Pre-market shrugged it off for the nonsense it indeed is, but I guess there are JP Morgan clients with no pre-market trading access - so their sell orders would execute in the morning.

Why do people ever listen to their nonsense?

90% of the time they fail to beat the S&P on pure advice, and the reality is most of what they put out is obfuscation designed trick the market and allow them to make money on the delta between reality and their purposely false narrative. This is TSLAQ in a nutshell.
 
"Daimler Trucks, a division of Daimler Group, said Friday it will acquire a majority stake in Torc Robotics for an undisclosed sum and plans to work on autonomous trucks, competing directly with Tesla (TSLA)..." MTNewswires

I find it unlikely that this caused the drop:

TORC Competitors, Revenue and Employees - Owler Company Profile

Estimated Annual Revenue: $3.1M
Estimated Employees: 72
I believe it's the JP Morgan downgrade that caused the pre-market drop (which recovered), and the opening drop as well.
 
JPM lowering the PT:

"JPMorgan lowers its price target on Tesla (NASDAQ:TSLA) to $215 from $230 on concerns over Q1 delivery delays in Europe and China.

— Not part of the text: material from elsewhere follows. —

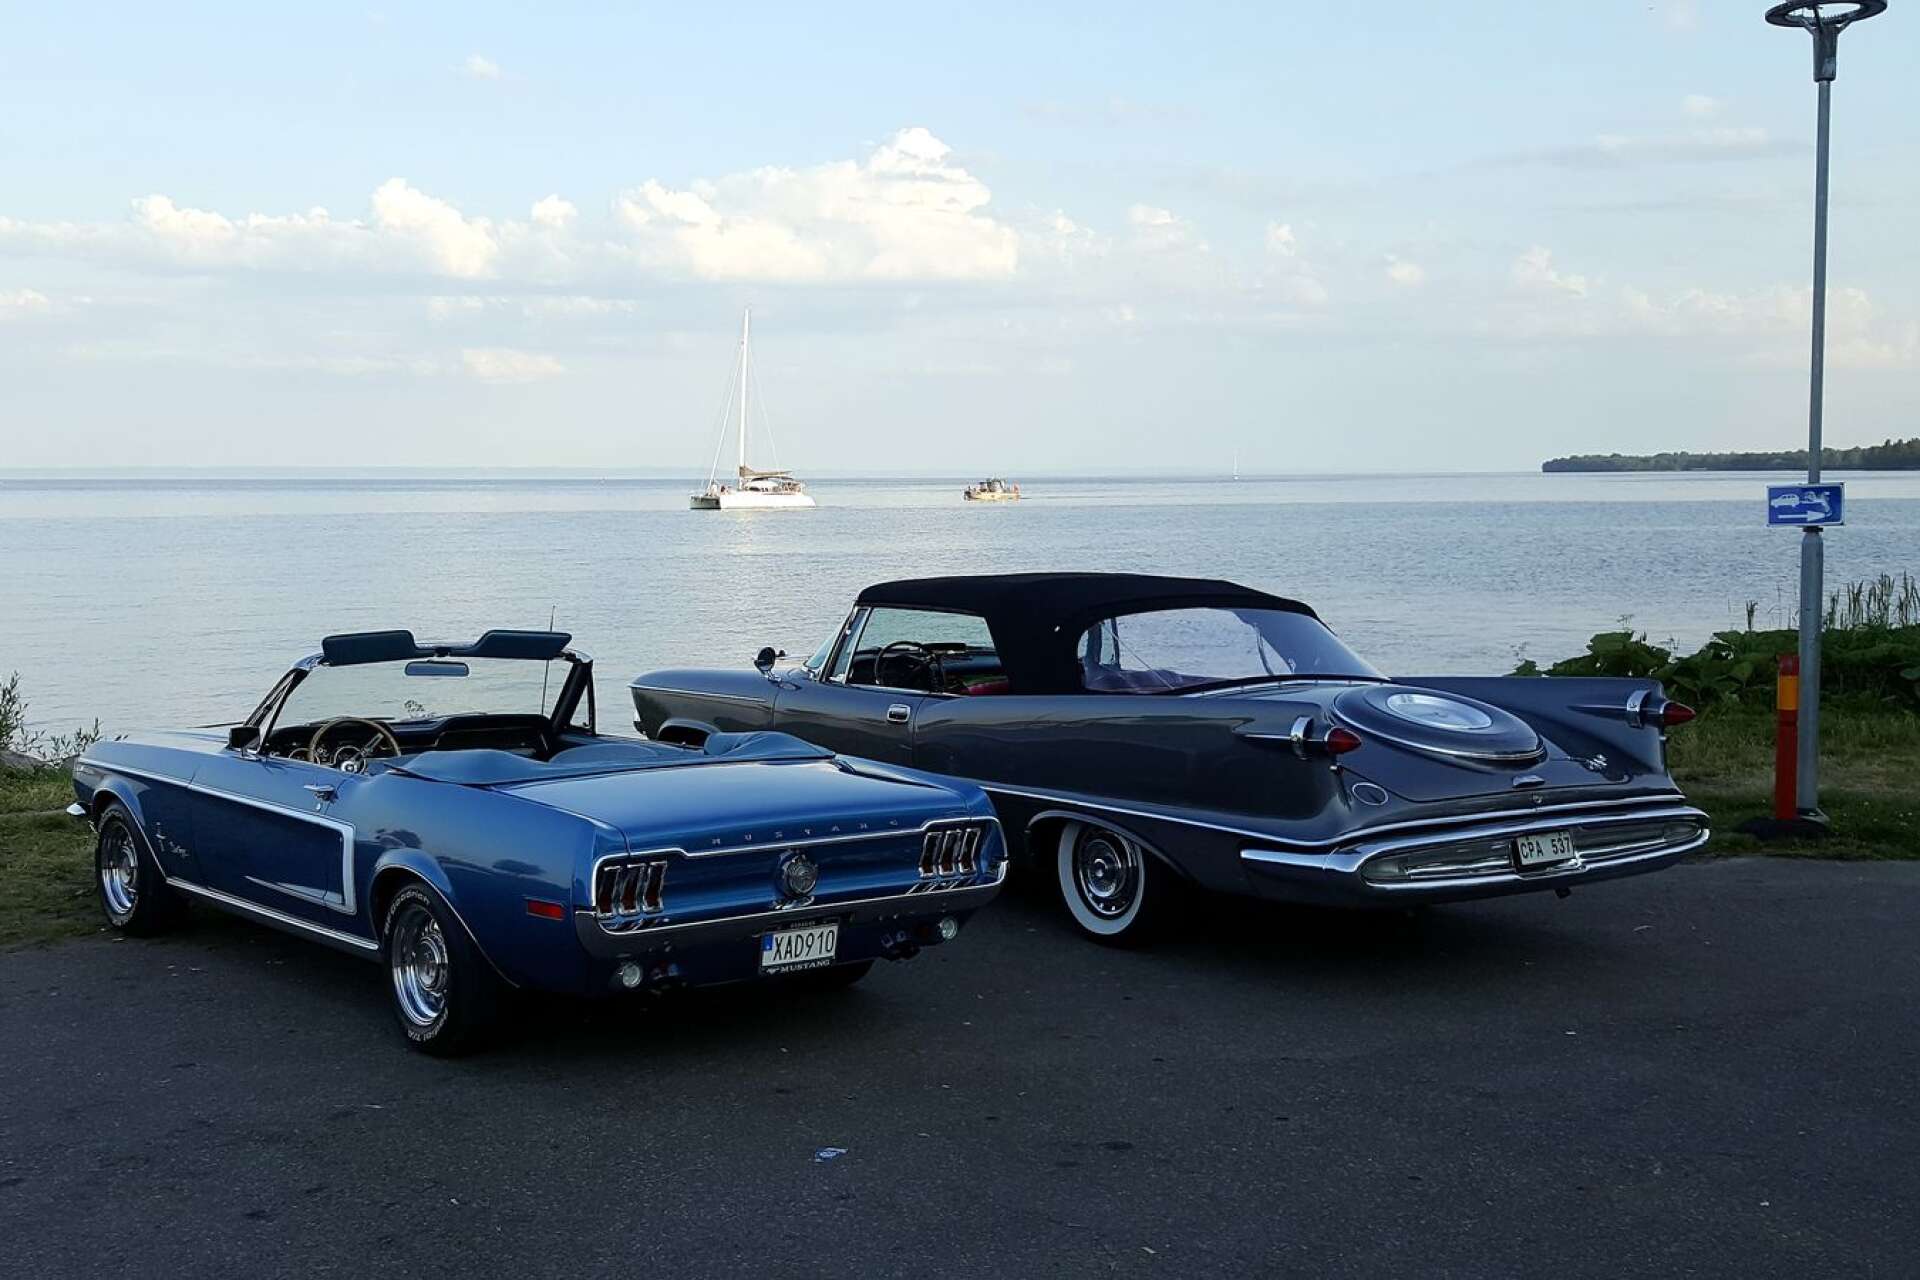 Ford Mustang av 1968 års modell och en Chrysler Imperial convertible av 1959 års modell parkerade i hamnen med vacker vy över Vättern.

"Our estimate of 1Q Model 3 deliveries declines to 50,000 from 55,000 prior (and vs. current consensus of 54,590, as per the company), total deliveries go to 70,500 from 75,500 prior (vs. consensus 74,930), and adjusted EPS to $0.38 from $0.94 prior. Full-year 2019 goes to $4.25 from $4.50 and 2020 to $6.75 from $7.00." updates the JP analyst team."

EDIT: Already posted. Apparently TSLA doesn't care.
Contrary to the prevailing view here on the board, both bear and bull analysts who spoke out in the last two weeks share the view that Tesla will miss the consensus Model 3 deliveries. It feels like a repeat of Q3, 2018.
 
The easiest way is to use dollars to mpg. For example I get roughly four miles per dime (includes charging losses). If premium gas is $3/gal (S equivalents always use premium), then an ICE car needs to get 120 mpg to be equal. Now, for some obscure reason not everyone gets four miles per dime, some only get three, so that makes 90 mpg to be equal for the lead foots. However, lead foots in an S equivalent aren't going to get anywhere near the EPA numbers for their S equivalent car.
I guess I'm a lead foot :oops: because I just ran these numbers yesterday for my utility bill and local gasoline price and came out at 94mpg dollar equivalent. In my defense, I've only had my MR since December so a lot of the driving was in very cold weather. The lowest I've calculated was ~75mpg dollar equivalent so its been improving at least. My last car was nominally 30-35mpg but was old and what I actually observed was 25-30mpg.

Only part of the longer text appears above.